Nik Forrest (Concordia) and Kate Paxman (Plymouth)


Nik Forrest is an interdisciplinary artist based in Tio’tia:ke/Montreal. Their practice includes experimental sound performance, installation and composition, as well as experimental video and video installation. Their recent projects explore the ecological potentials of sound and listening as techniques to heighten attunement to entangled human and non-human materials, bodies and forces, and to the interconnected affective, social and environmental relations.

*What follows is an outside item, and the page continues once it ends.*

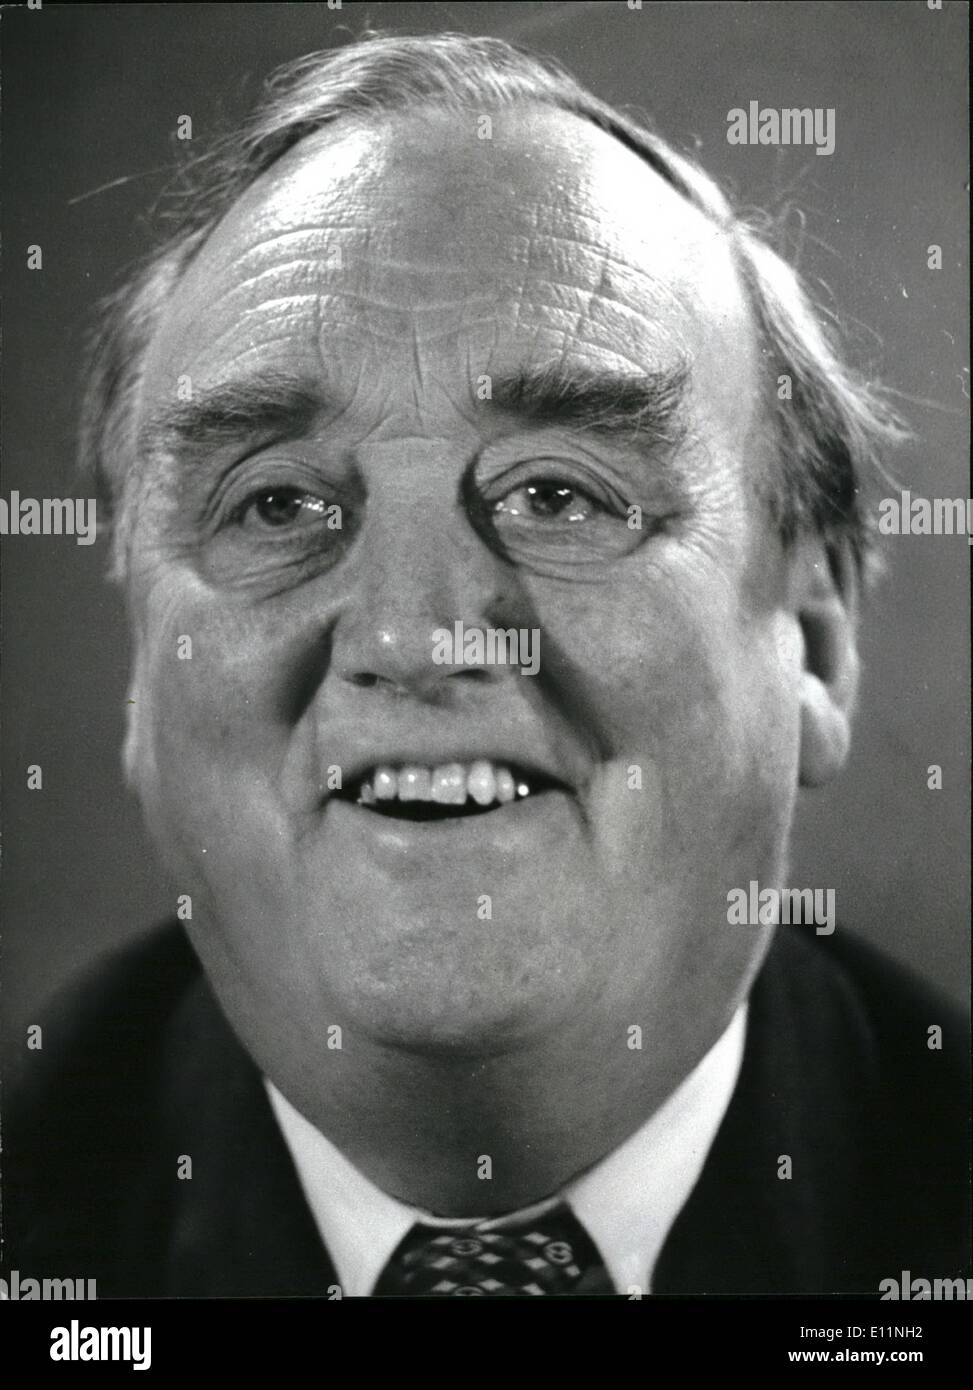 Apr. 04, 1979 - Conservative Party Press Conference: Photo Shows Mr. Willie Whitelaw Deputy leader of the Tory party. Stock Photo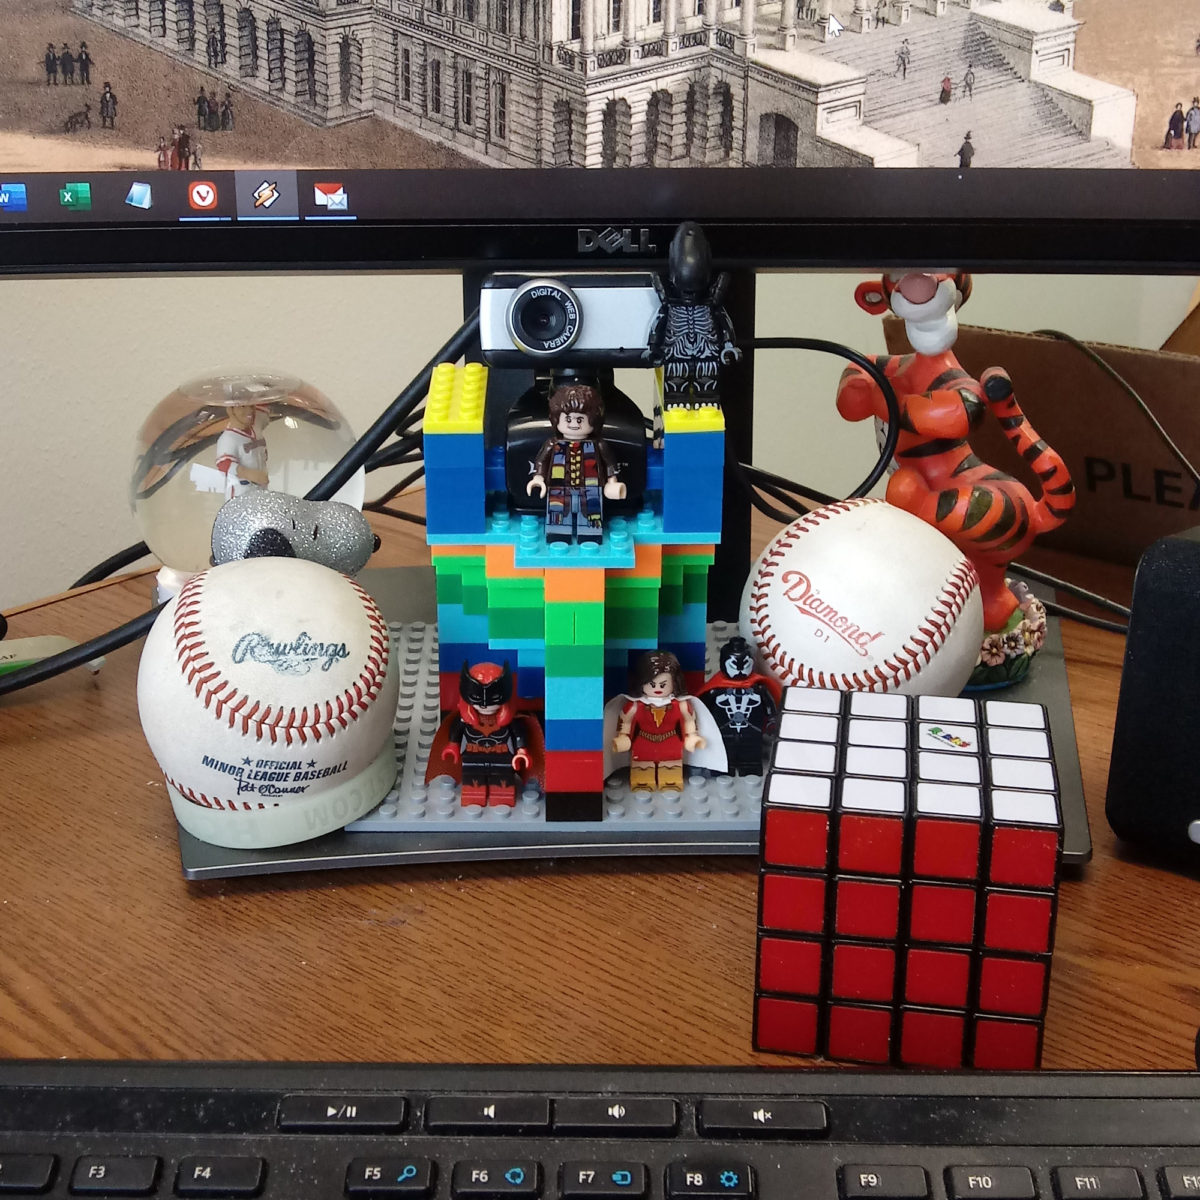 LEGO tower topped by a webcam

They are currently working on a PhD at Concordia University in the interdisciplinary humanities program.

Kate Paxman is an artist, educator and practice-led PhD researcher in Media Arts with the School of Art, Design and Architecture at Plymouth University. Kate works with film and sound, paying close attention to geologies, entities and systems and building speculative narratives which explore our era of unavoidable climate catastrophe. Her work has received a number of commissions and awards, most recently from Aeolus Online, BEAST FEaST 2021 and Arts Council England, and her published work includes writing for ‘The Ecological Citizen’, a peer-reviewed ecocentric journal and THEOREM 2018, Cambridge, UK, Ruskin Arts.

In this presentation, Kate discusses her research for her film and sound installation Sirens (2021). Kate’s research is focused on sea caves in the shore area of Torbay’s Marine Conservation Zone where she implements a proactive methodology of research through observation, inspired by the field work activities of natural history, but expanded to include other ways of measuring such as through intuition and imagination, and using conjuring, augury and ritual. In her work for Sirens these techniques allow Kate to engage in an acknowledgement of an ecology of the senses and how non-humans and humans sense the environment, as she attempts to decentre patterns of exceptionalist thinking and apprehend the diverse sensibilities of others.